The CGRP* receptor blocker erenumab shows sustained efficacy in reducing migraine frequency over 2 years in a difficult-to-treat patient population with episodic migraine who had failed 2–4 prior preventive treatments, an interim analysis of the LIBERTY** open-label extension study shows.
The phase III LIBERTY trial comprised two phases: a double-blind phase, whereby patients were randomized 1:1 to once-monthly subcutaneous erenumab 140 mg or placebo for 12 weeks, followed by an open-label phase in which all patients who completed the double-blind phase received erenumab for 3 years. Participants were 246 patients with episodic migraine (4–14 migraine days/month) who had previously failed 2–4 preventive treatments. [AHS 2020, 1st Jul session]
Primary analysis for the double-blind phase has been reported previously, showing that erenumab was effective in this patient population compared with placebo. The current 2-year interim results represent an analysis of erenumab efficacy at week 112 of the 3-year open-label treatment phase.
“Efficacy of erenumab was sustained throughout 2 years of treatment with erenumab 140 mg in a difficult-to-treat patient population,” the researchers reported.
Changes in mean monthly migraine days (MMD) from baseline were sustained through 2 years during the open-label phase: -3.7 days at 1 year and -4.2 days at 2 years, compared with a baseline of 9.2 days in the double-blind phase.
Specifically, the proportion of patients who achieved ≥50 percent reductions in MMD with erenumab remained stable (57.2 percent) through the 2nd year of open-label treatment, similar to what was observed during the first year.
Similarly, the ≥75 percent and ≥100 percent responder rates were also sustained over 2 years, at 30.6 percent and 16.2 percent, respectively, across all treatment groups.
The improvements were seen in the overall patient population during the open-label phase, regardless of whether the patients were previously assigned to erenumab or placebo in the double-blind phase.
In addition, improvements in functional outcomes from baseline were consistent at week 112 during open-label treatment, as indicated by the Headache Impact Test (HIT-6; mean changes, -9.5) total score and Migraine Physical Function Impact Diary (MPFID; mean changes, -4.5 for physical impairment and -5.4 for everyday activities domains, respectively).

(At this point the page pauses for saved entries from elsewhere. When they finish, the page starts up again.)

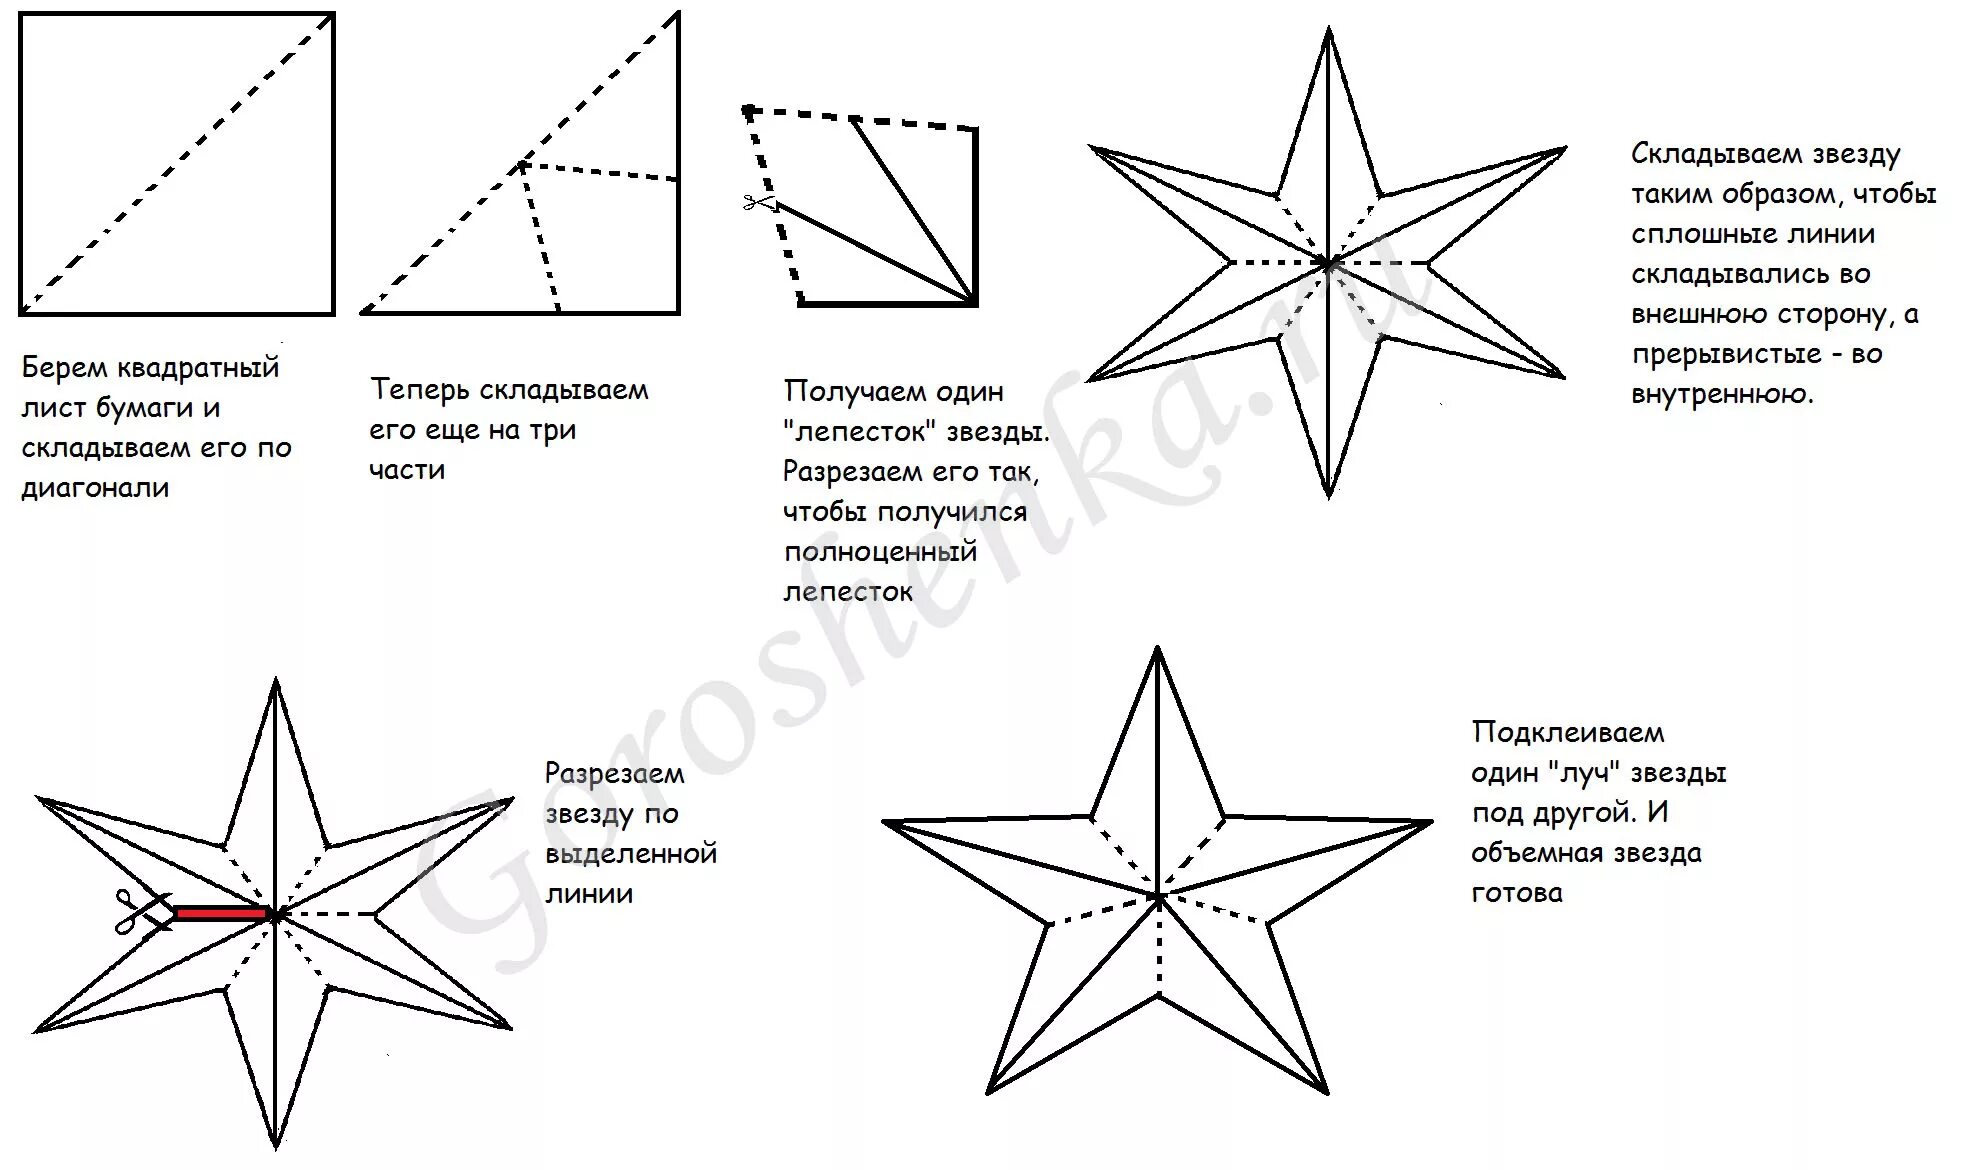 Сделать звезду из бумаги на 9. Объемная пятиконечная звезда из бумаги. Как сделать звезду из бумаги объемную схема поэтапно. Четырехконечная звезда из бумаги объемная схема. Оригами из бумаги звезда объемная пятиконечная схема.
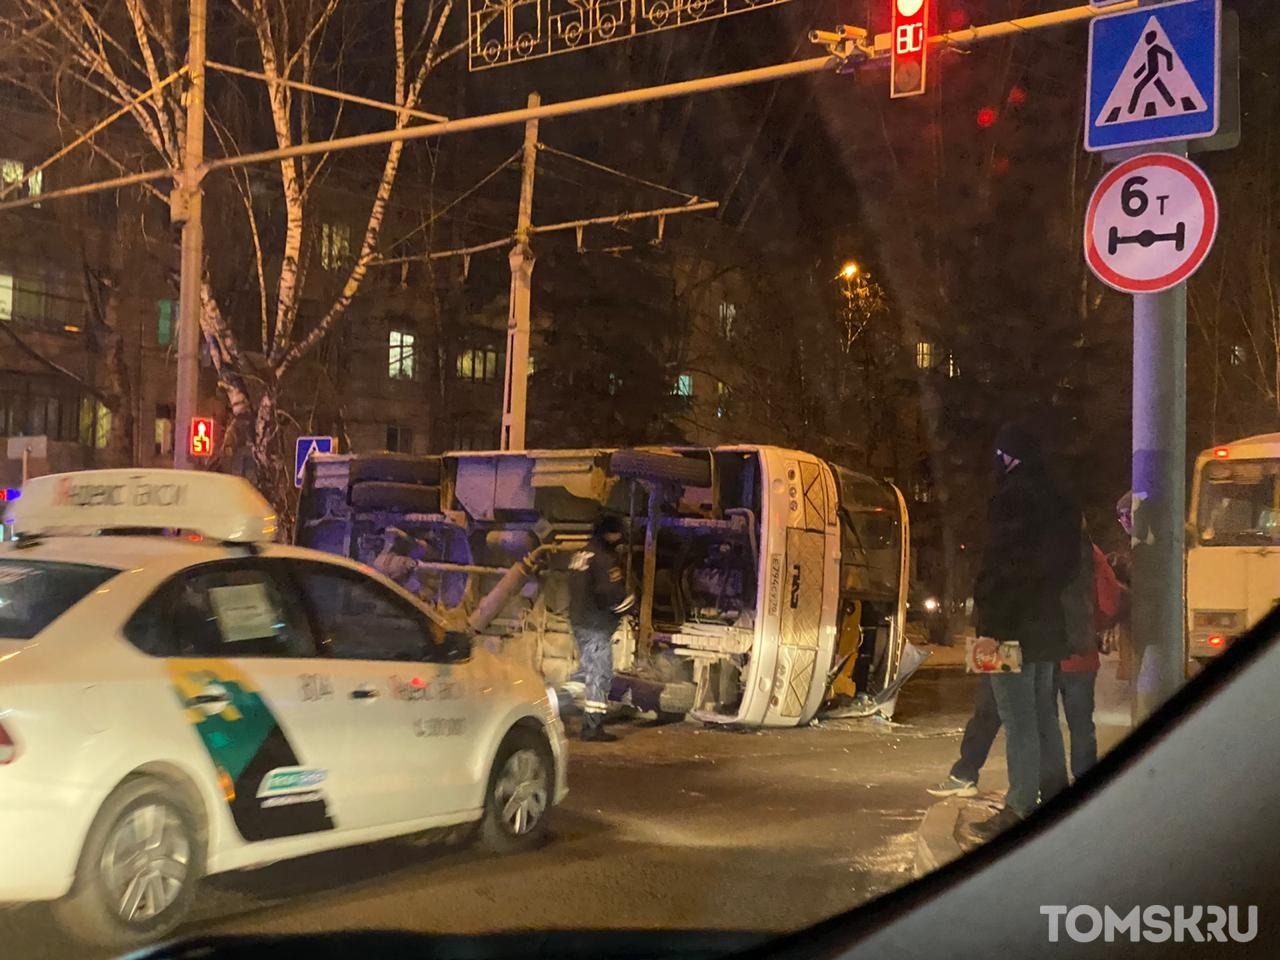 Маршрутный автобус перевернулся на перекрестке в Томске
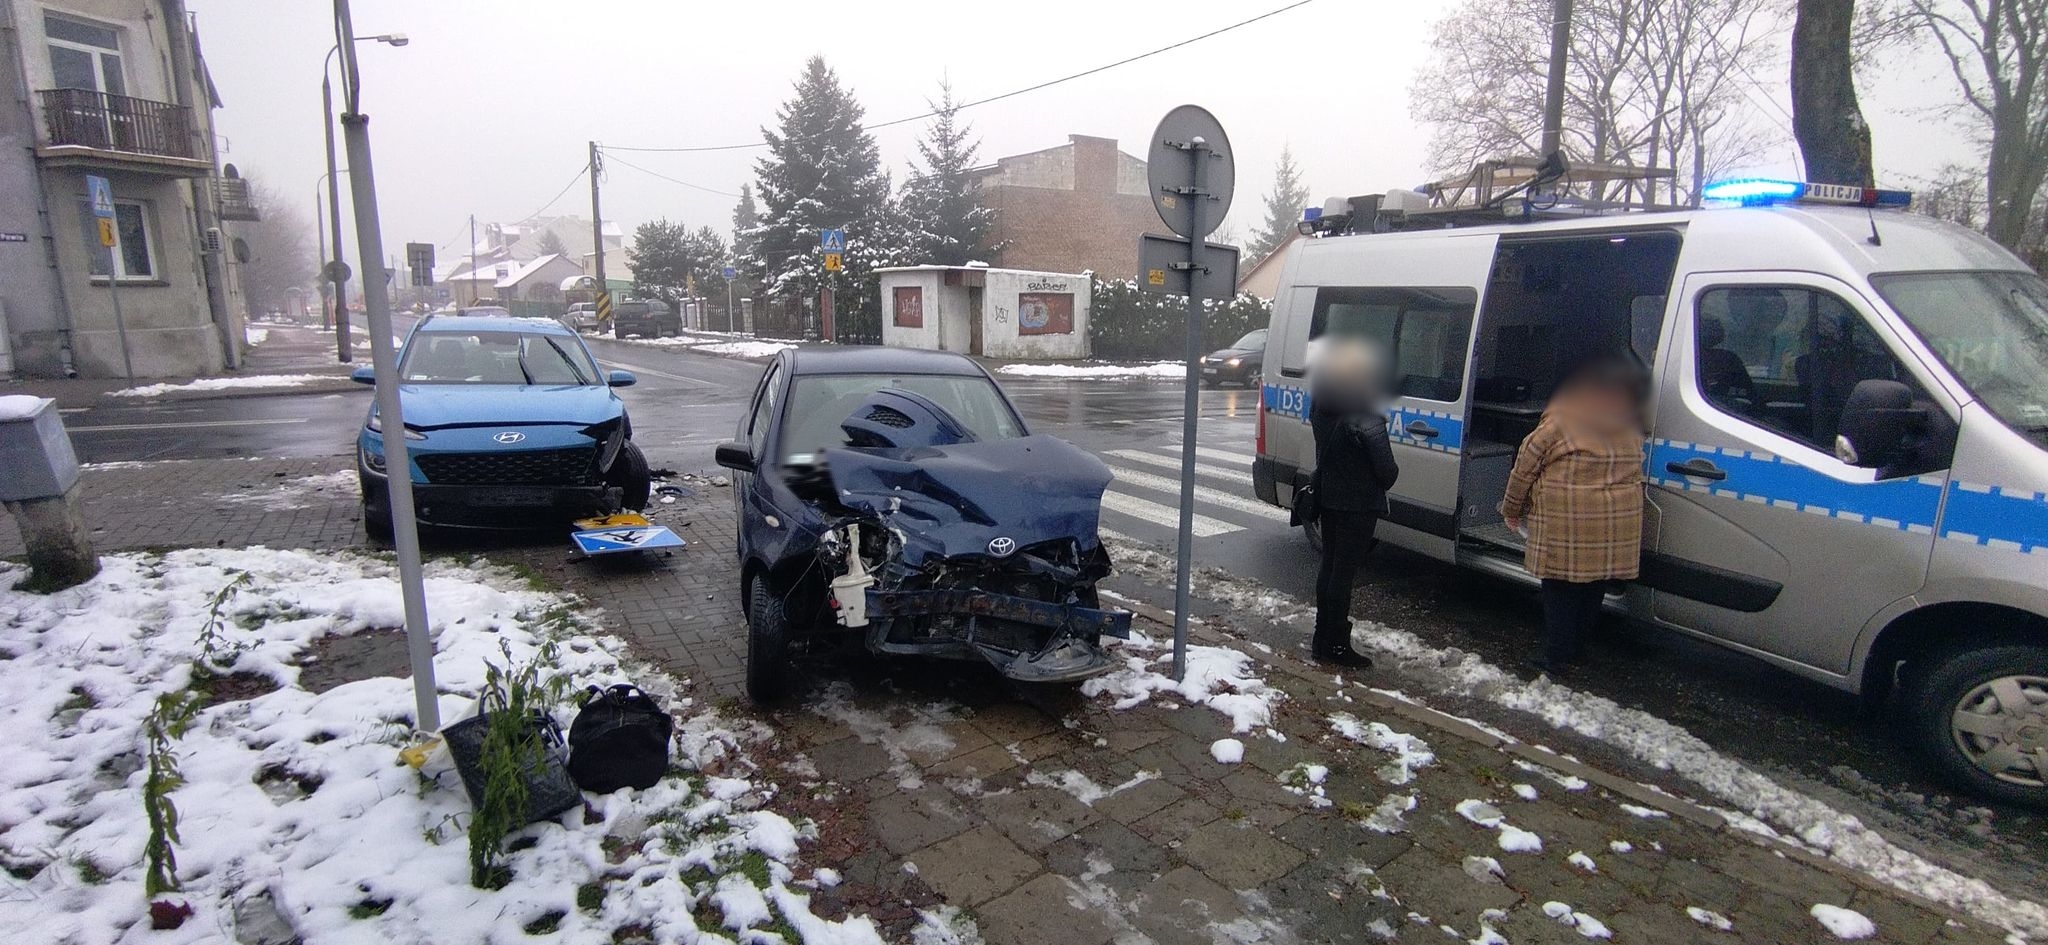 Zderzenie na skrzyżowaniu w Lublinie, dwa pojazdy rozbite (zdjęcia)
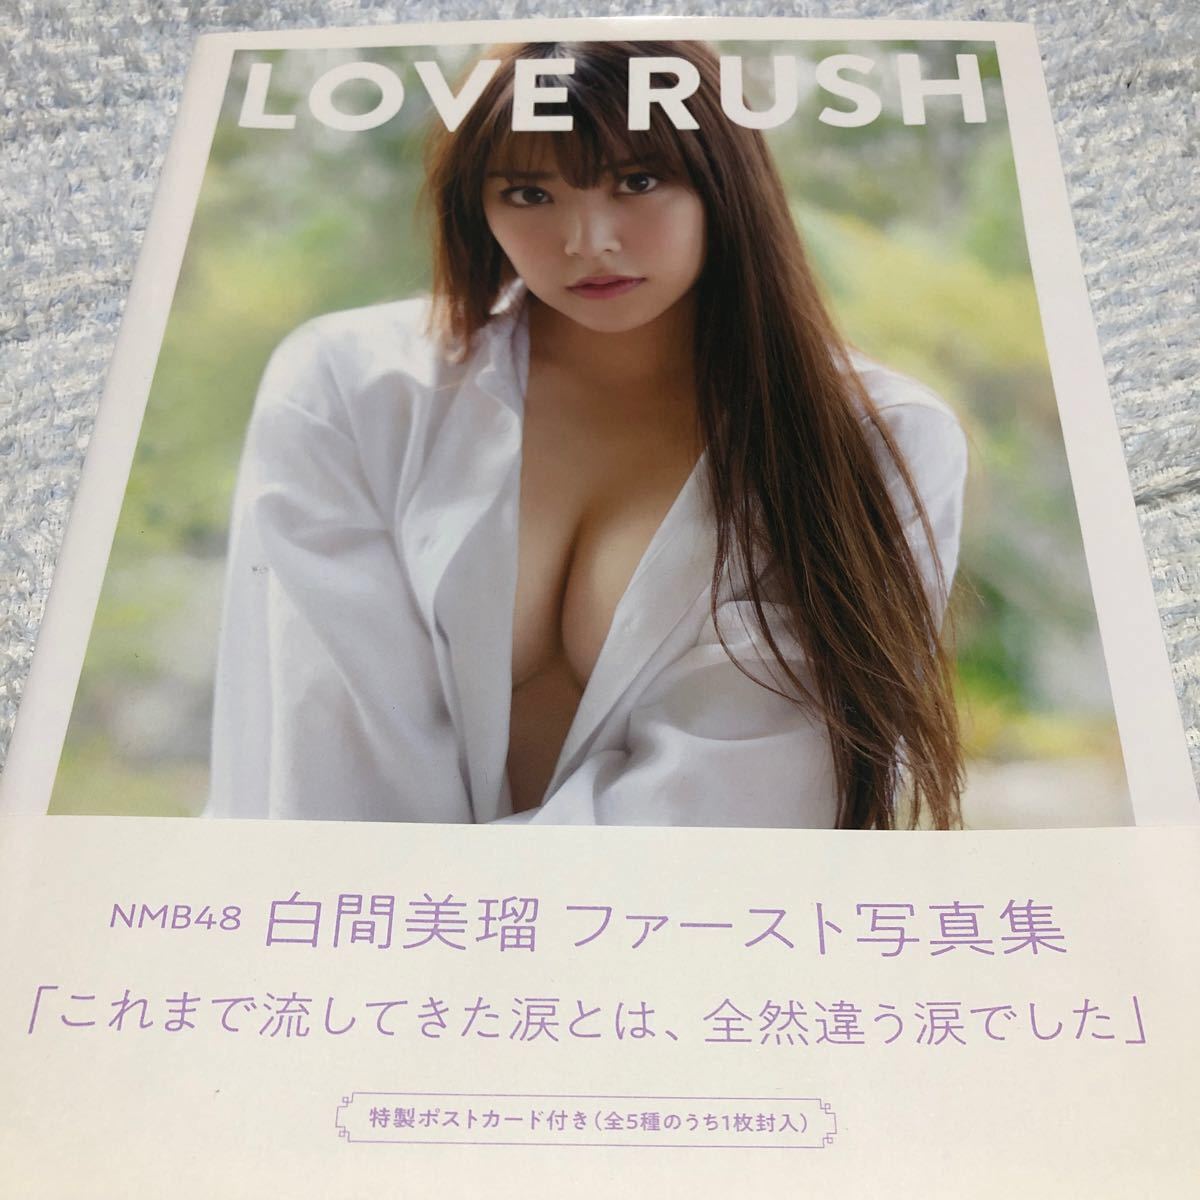 【限定特典つき】白間美瑠1st写真集『LOVE RUSH』ポストカード付き
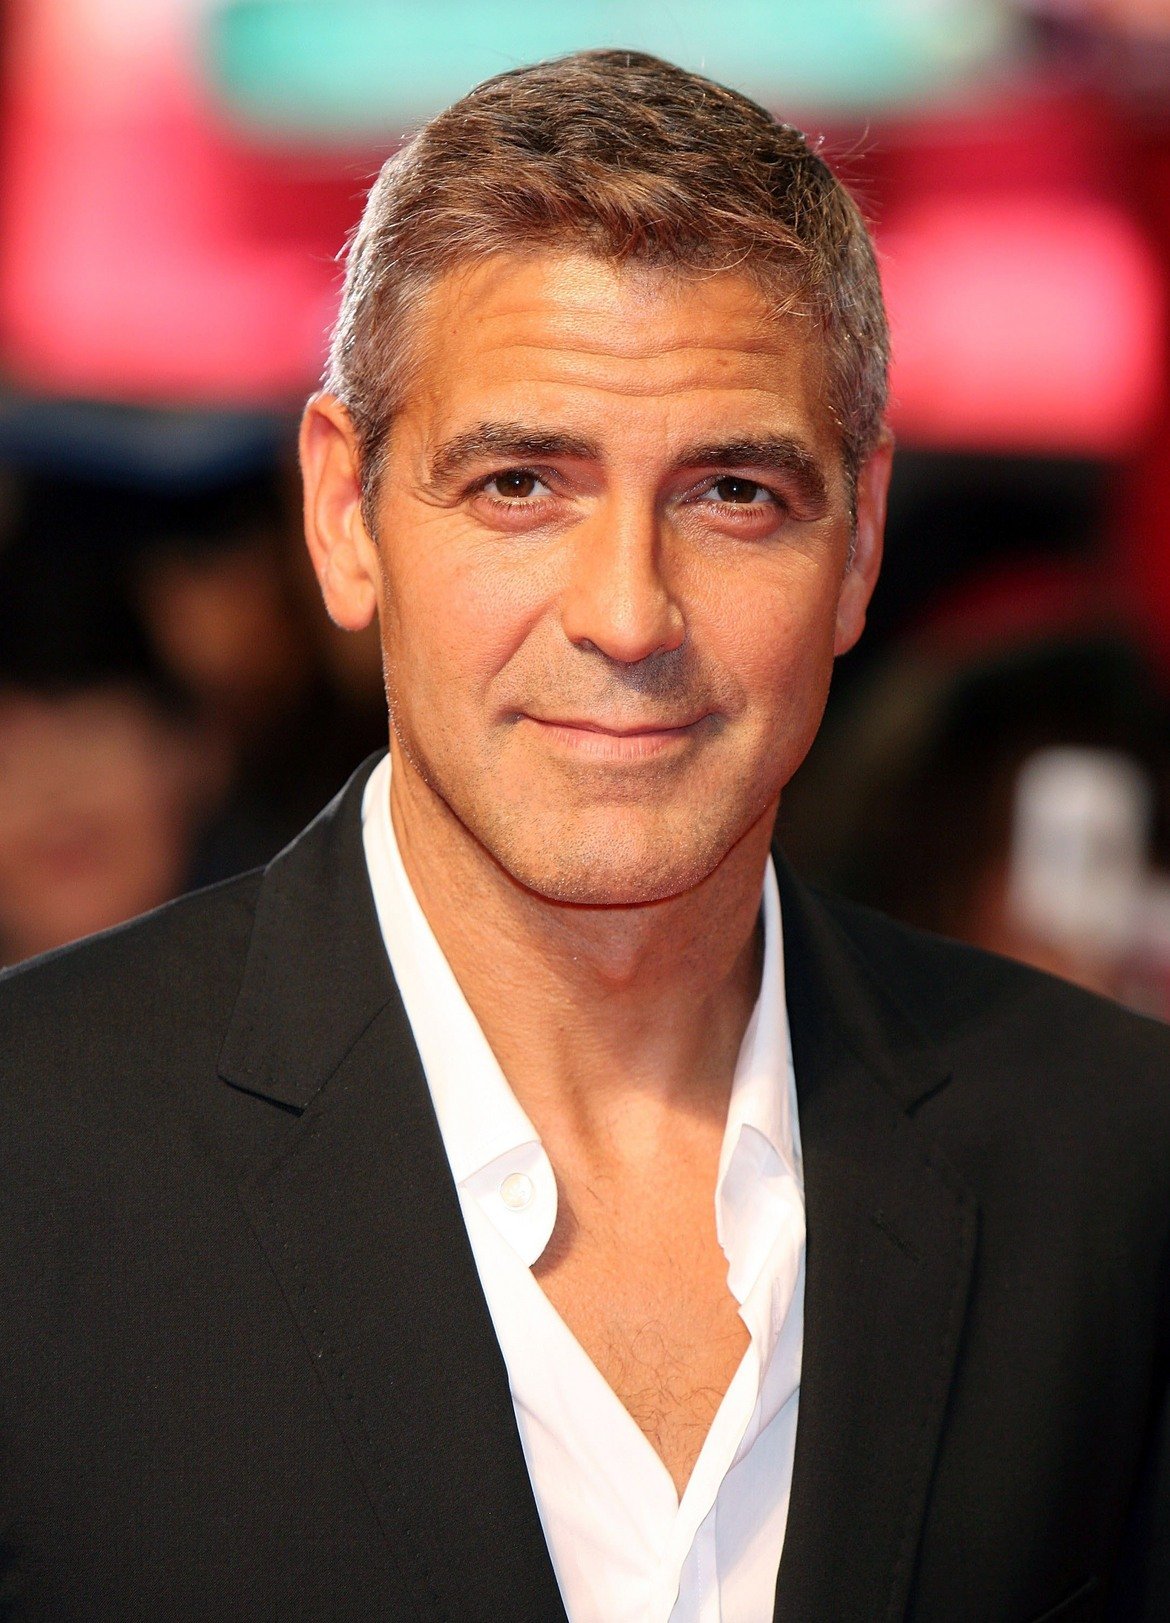  Джордж Клуни 

Напоследък го гледаме повече в реклами на кафе, отколкото в пълнометражни хитове, но продължаваме да смятаме, че Клуни е супер сексапилен. Доктор Де Силва подкрепя това твърдение с факти - лицето на актьора дава 89,91 на сто според Златното сечение. За почти съвършени при него се смятат носа и формата на лицето.

“Erenumab was well tolerated and no new safety signals were detected over the extended treatment period,” the researchers noted.
During the open-label phase, approximately 86.3 percent of the overall patient population experienced adverse events (AEs). Specifically, 82.2 percent occurred in patients continuing erenumab (ie, initially assigned to erenumab during the double-blind phase) and 90.2 percent in those initiating erenumab during open-label treatment (ie, previously on placebo).
After adjusting for exposure, the incidence rate of AEs was 198.0 per 100 patient-years in the overall population. The exposure-adjusted rate for serious AEs was 6.3 per 100 patient-years. AEs leading to discontinuation occurred in nine patients (3.8 percent). There were no deaths reported.
The most common AEs during open-label treatment were nasopharyngitis (33.9 per 100 patient-years), followed by influenza (10.3 per 100 patient-years) and back pain (6.6 per 100 patient-years).
“The 3-year open-label phase of the LIBERTY study is ongoing,” stated the researchers.